*TASK PROMPT:*
Your answer must be an exact copy of the listing, with the images left out.

*GIVEN INFORMATION:*
★ ★ ★ ★ ★ ★ ★

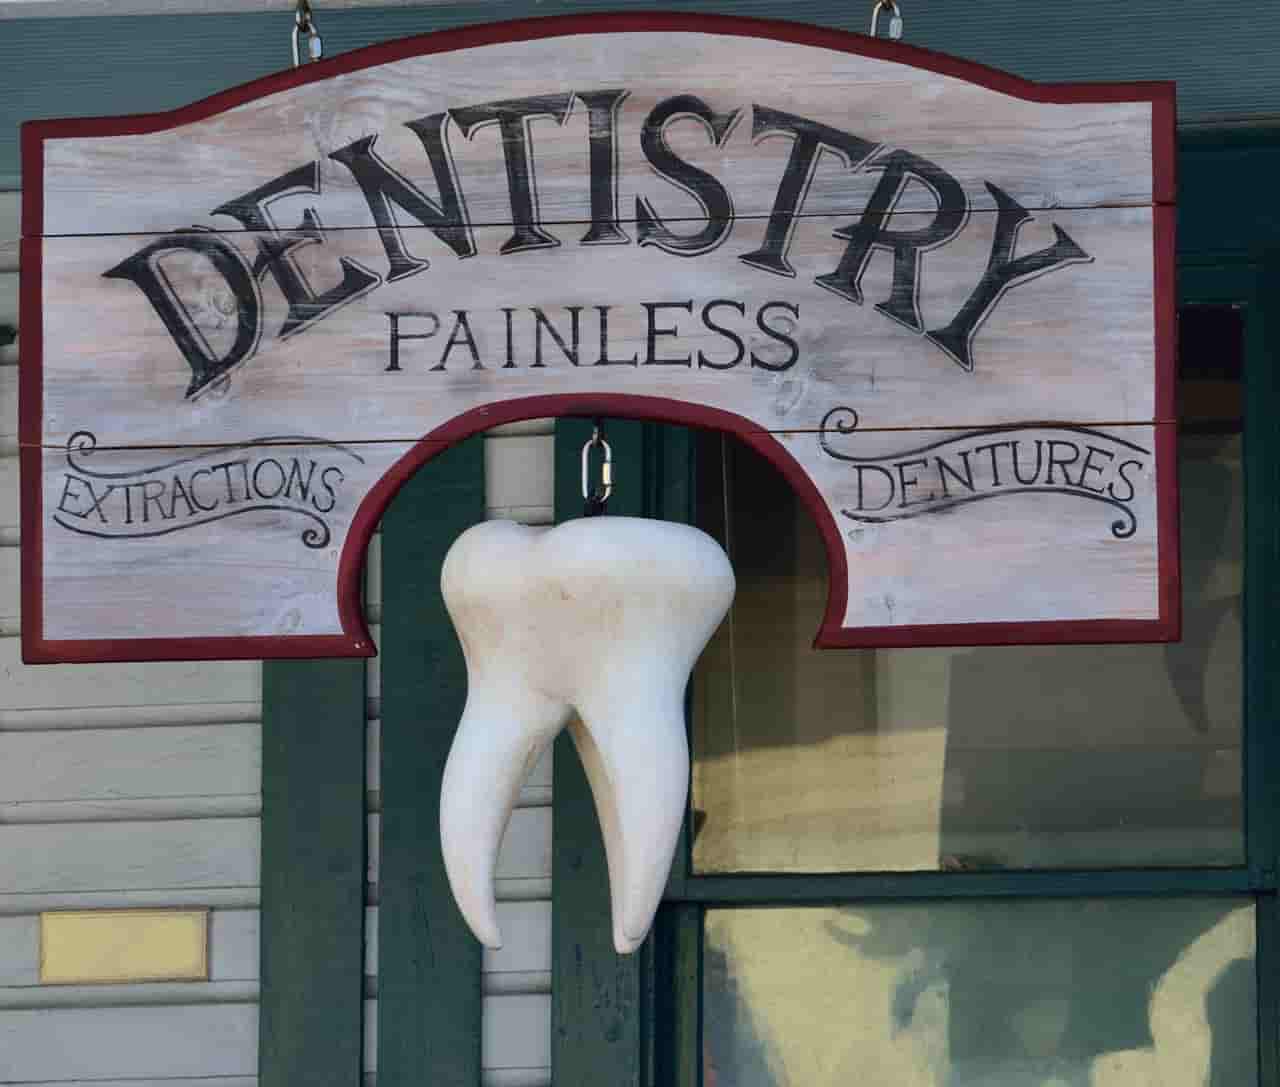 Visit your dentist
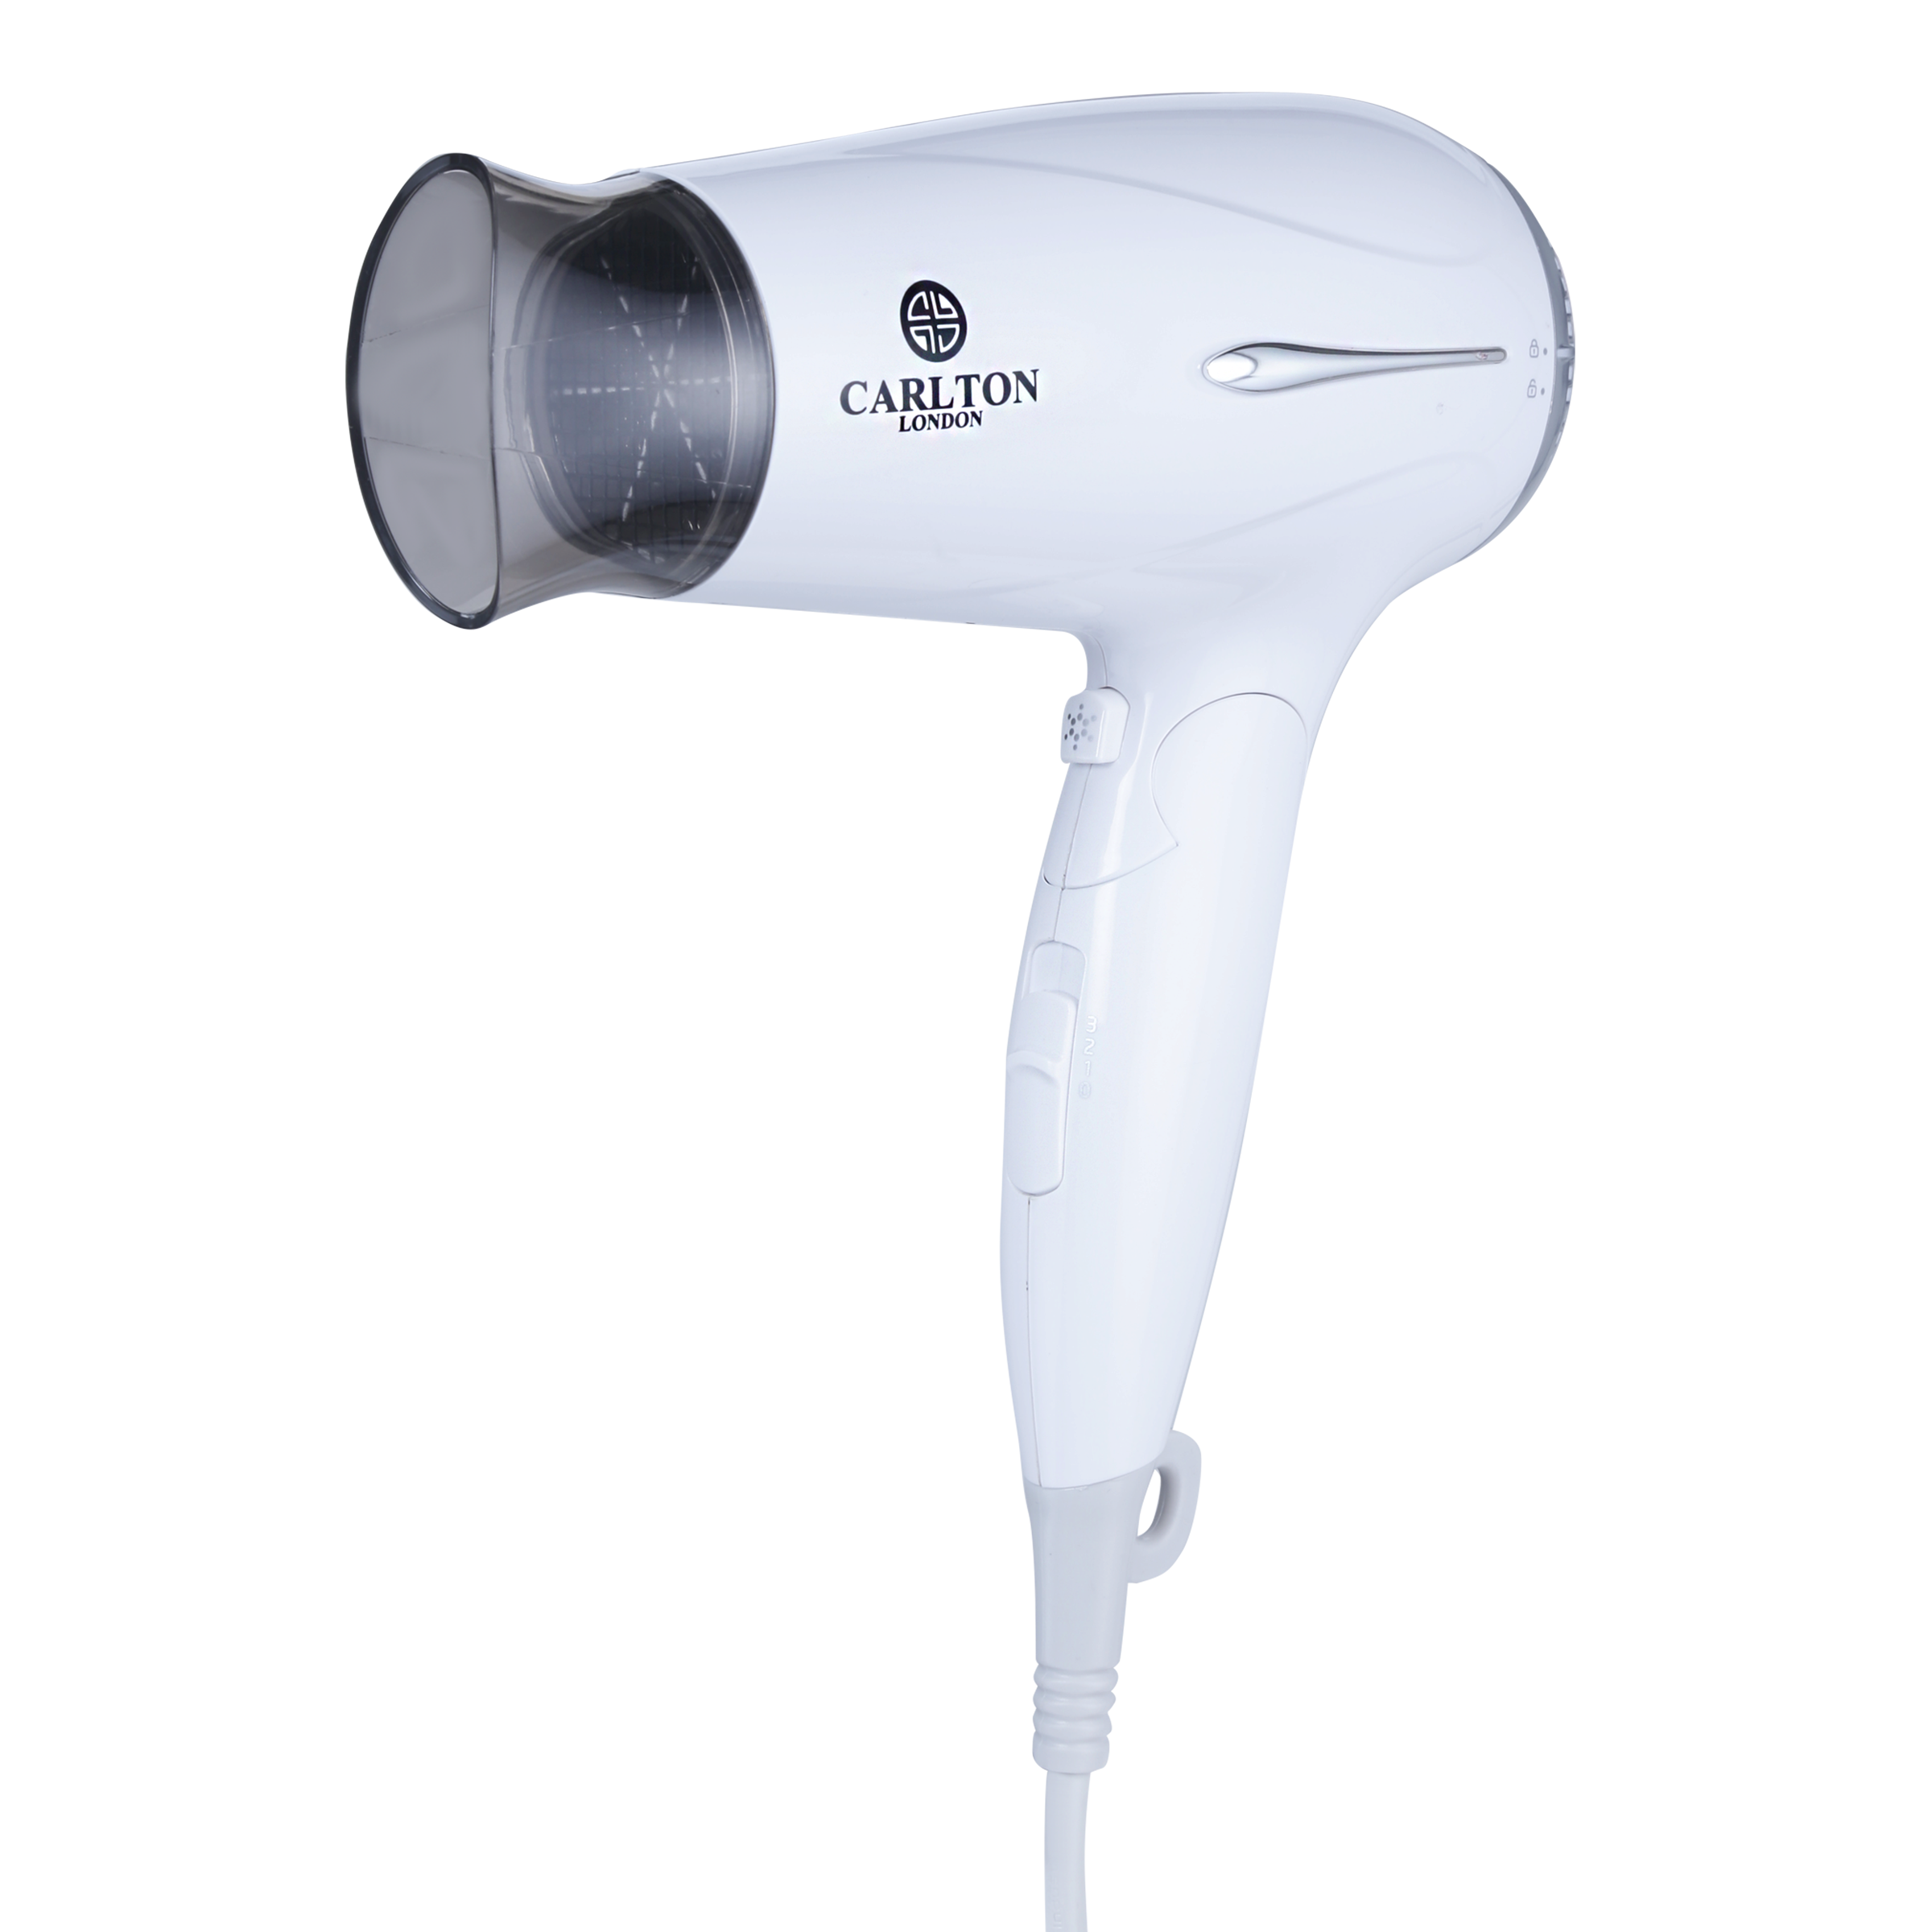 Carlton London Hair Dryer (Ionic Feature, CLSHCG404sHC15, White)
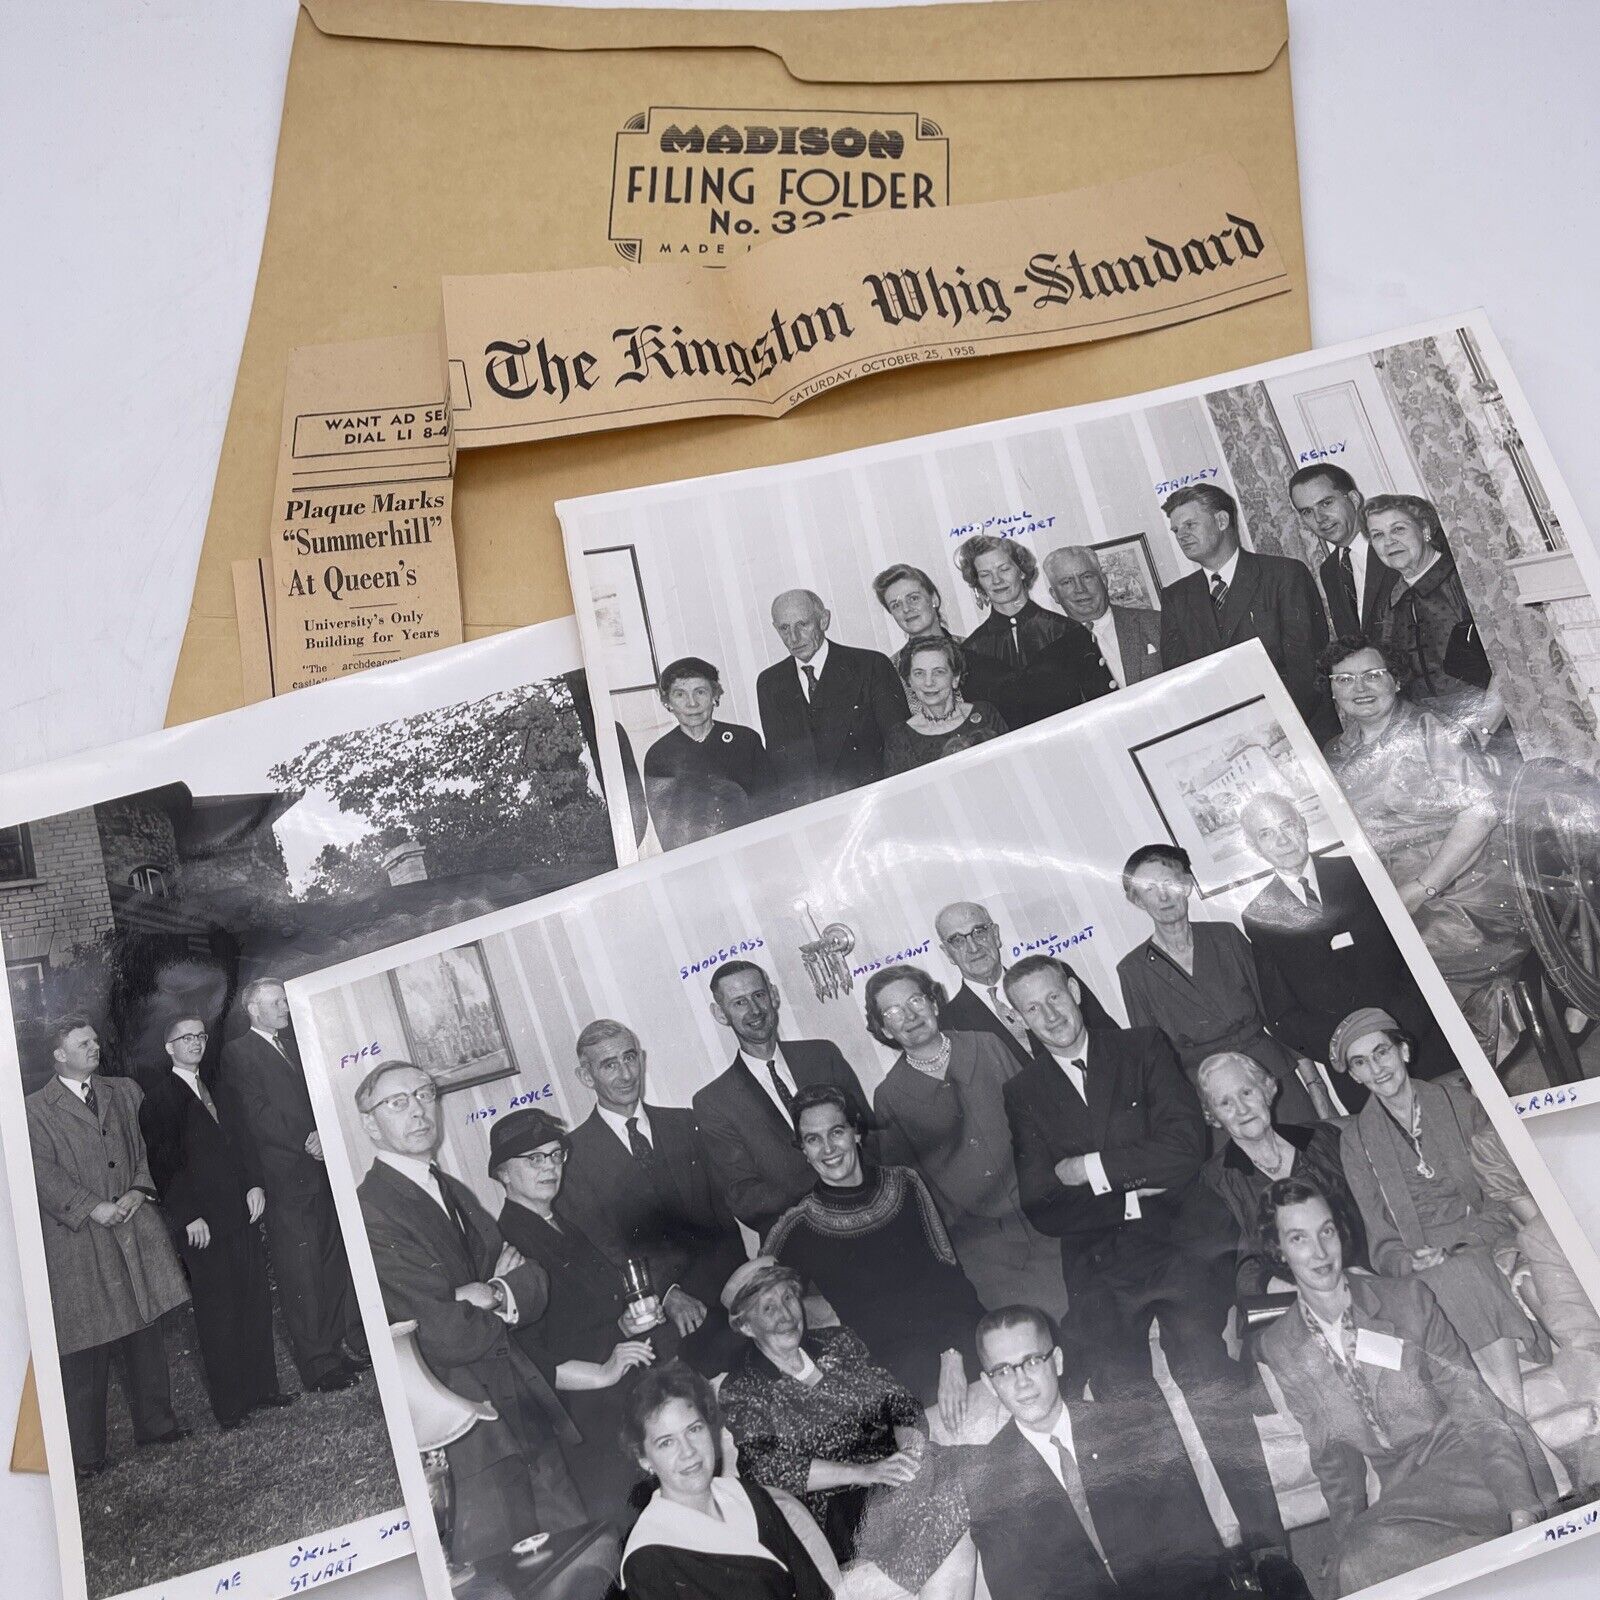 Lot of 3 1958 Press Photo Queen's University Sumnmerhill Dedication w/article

★ ★ ★ ★ ★ ★ ★

*TASK ANSWER:*
 Visit your dentist
 Carlton London Hair Dryer (Ionic Feature, CLSHCG404sHC15, White)
 Lot of 3 1958 Press Photo Queen's University Sumnmerhill Dedication w/article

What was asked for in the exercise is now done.